Cross validation implementation in python using scikit-learn models
5 min read

Cross validation implementation in python using scikit-learn models

Say you want to learn about machine learning. As you learn more and more about it, you realize that it is a vast subject and fear you might get lost in all this new information. For instance just to classify some data you learn about classifiers, and you learn that there are tons of classifiers and you panic. This is how I reacted when I read the documentation of scikit-learn classifiers : Ridge classification, SVM classification, Decision trees classification, K nearest neighbors classifiers and many more...

But fear not ! each different model has its own strength and weakness. For the same dataset, some method might work better than another one. Althought this might seem like an abstract concept (especially to me as I am a newbie in the subject) the next logical step would be to try to quantify how good a model would perform compared to another one using the same dataset.

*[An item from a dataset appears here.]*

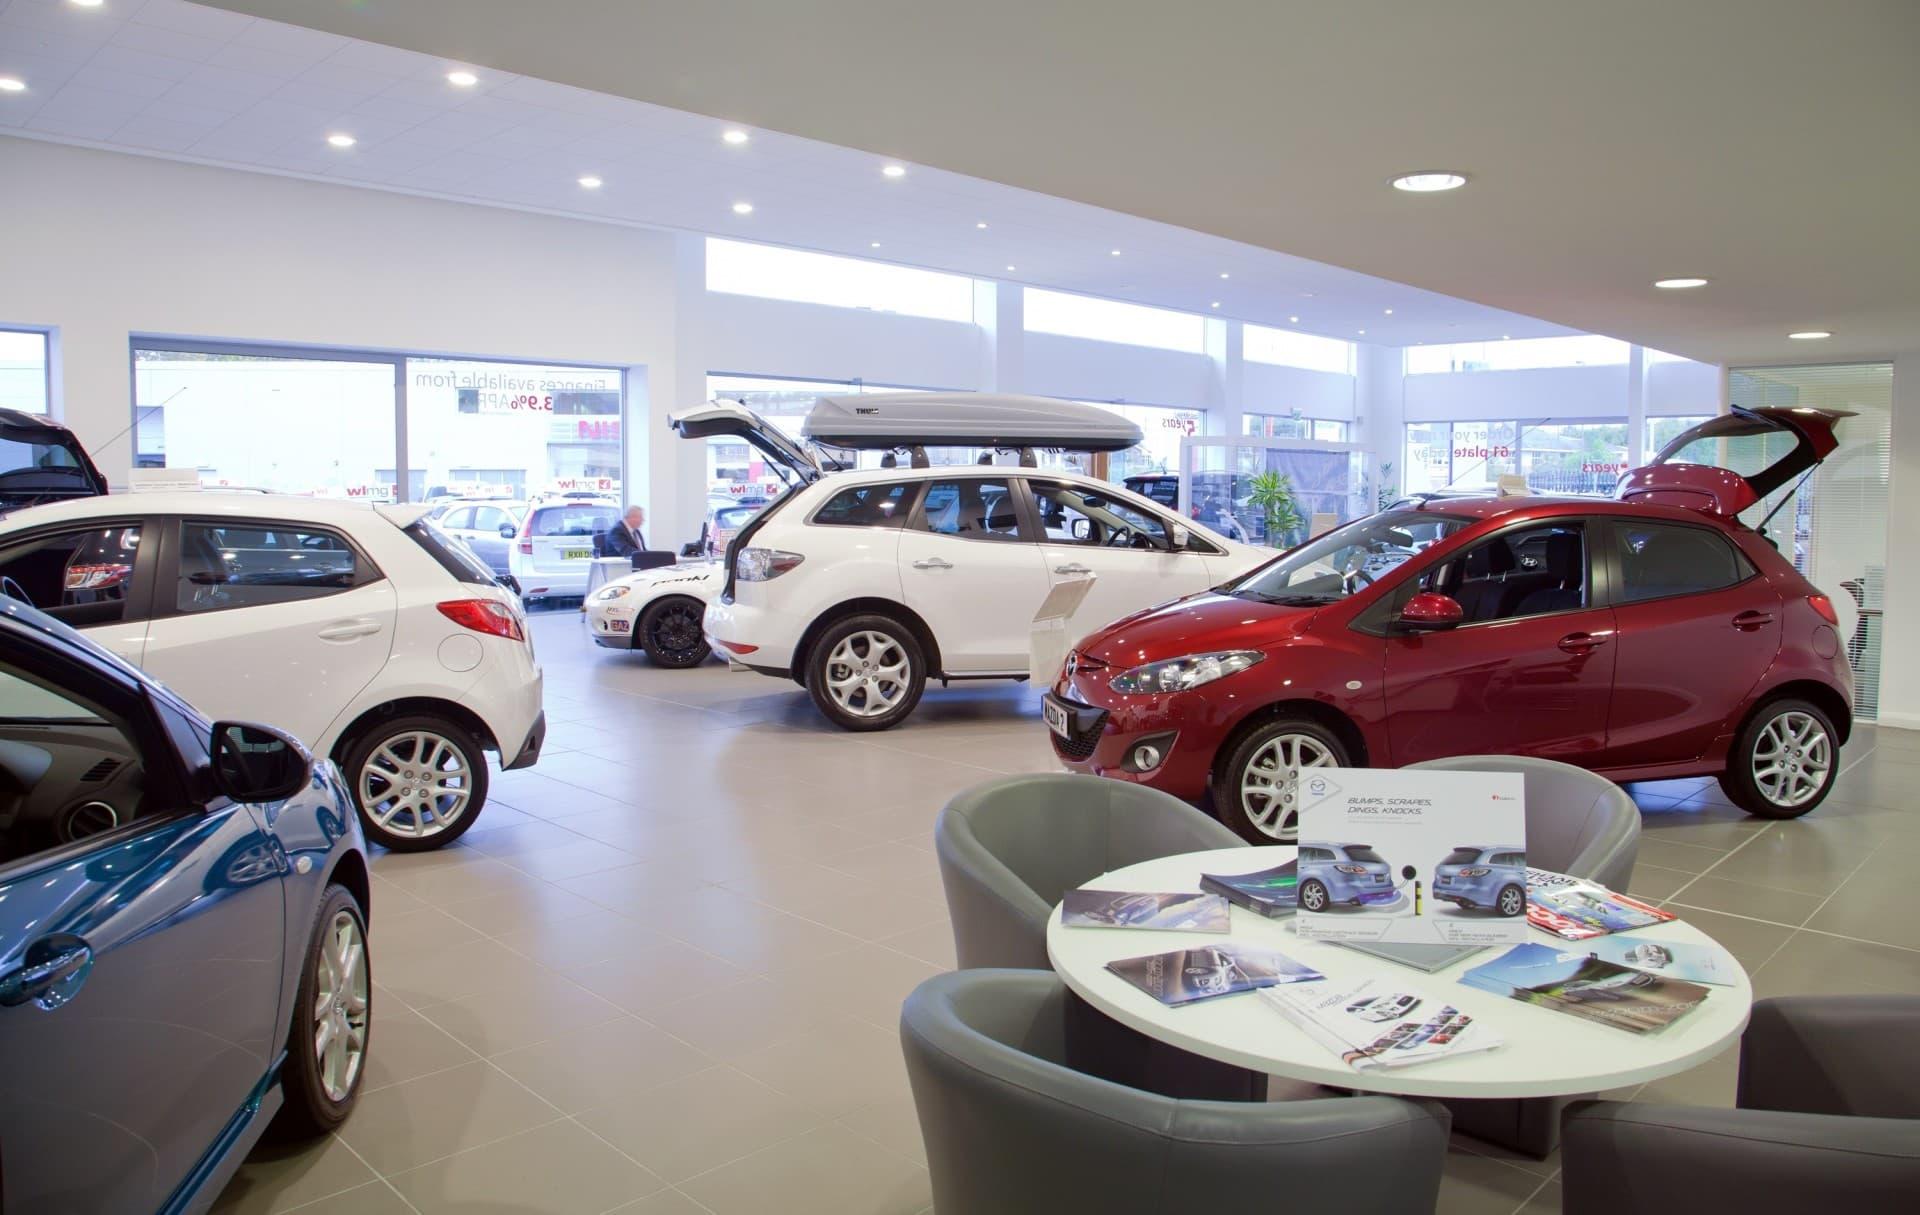 Devolver Coche Comprar Coche Concesionario Mazda

Enters Cross validation (check out this awesome video). Cross validation is a method to compare and quantify the effectiveness of different models on the same dataset.
Here are the steps for cross validation :

  1. Separate the data into different "blocks"
  2. for each method, each block will be used as the testing data, the rest of the block will be used as the training data, for each different block being the testing block, the score of the model will be calculated and the highest score will be the one associated to the model used
  3. finally, when all models are assigned a certain score, the model with the highest score will be the winner

In theory, doesen't sound like such a hard concept to implement, let's check out how I went about doing it ! the dataset used here is the iris dataset in scikit-learn

the first step is to be able to read the data :


import random

class Cross_validation:
    def __init__(self, X, y, methods):
        """
        X : features
        y : target
        methods : list of methods to compare
        methods will be imported from sklearn, fit() and score() will be used
        """
        assert len(X) == len(y), "target and instance mismatch"
        self.nblocks = 4
        self.methods = methods

        self.data = list(zip(X,y))
        random.shuffle(self.data)
    

I chose to create a class for cross validation, this class takes 3 arguments, X and y are the data (features and target respectively) and methods is a list of all the methods to compare. An example will be shown at the end for simplicity's sake.
assert len(X) == len(y) Checks the number of instances matches the number of targets.
self.nblocks = 4 this means the data will be subdivided into 4 different subblocks. 4 is arbitrary here.
finally, we shuffle the data for good measure

The next step is to divide the data into smaller blocks of data :


    def train_test(self):
        """
        splits the data into self.nblocks of blocks 
        """
        assert len(self.data)%self.nblocks==0, "number of instances
        must be a multiple of the number of total blocks"
        
        elements = len(self.data)//self.nblocks
        blocks = []
        for i in range(self.nblocks):
            blocks = blocks + [self.data[i*elements:(i+1)*elements]]
 

This train_test function will return a list made out of nblocks blocks of data. the code is pretty self-explanatory, the only subtlety is that I make sure that the number of instances of data is a multiple of the total number of blocks. This is not very important, I just wanted to have blocks that all had the same number of elements.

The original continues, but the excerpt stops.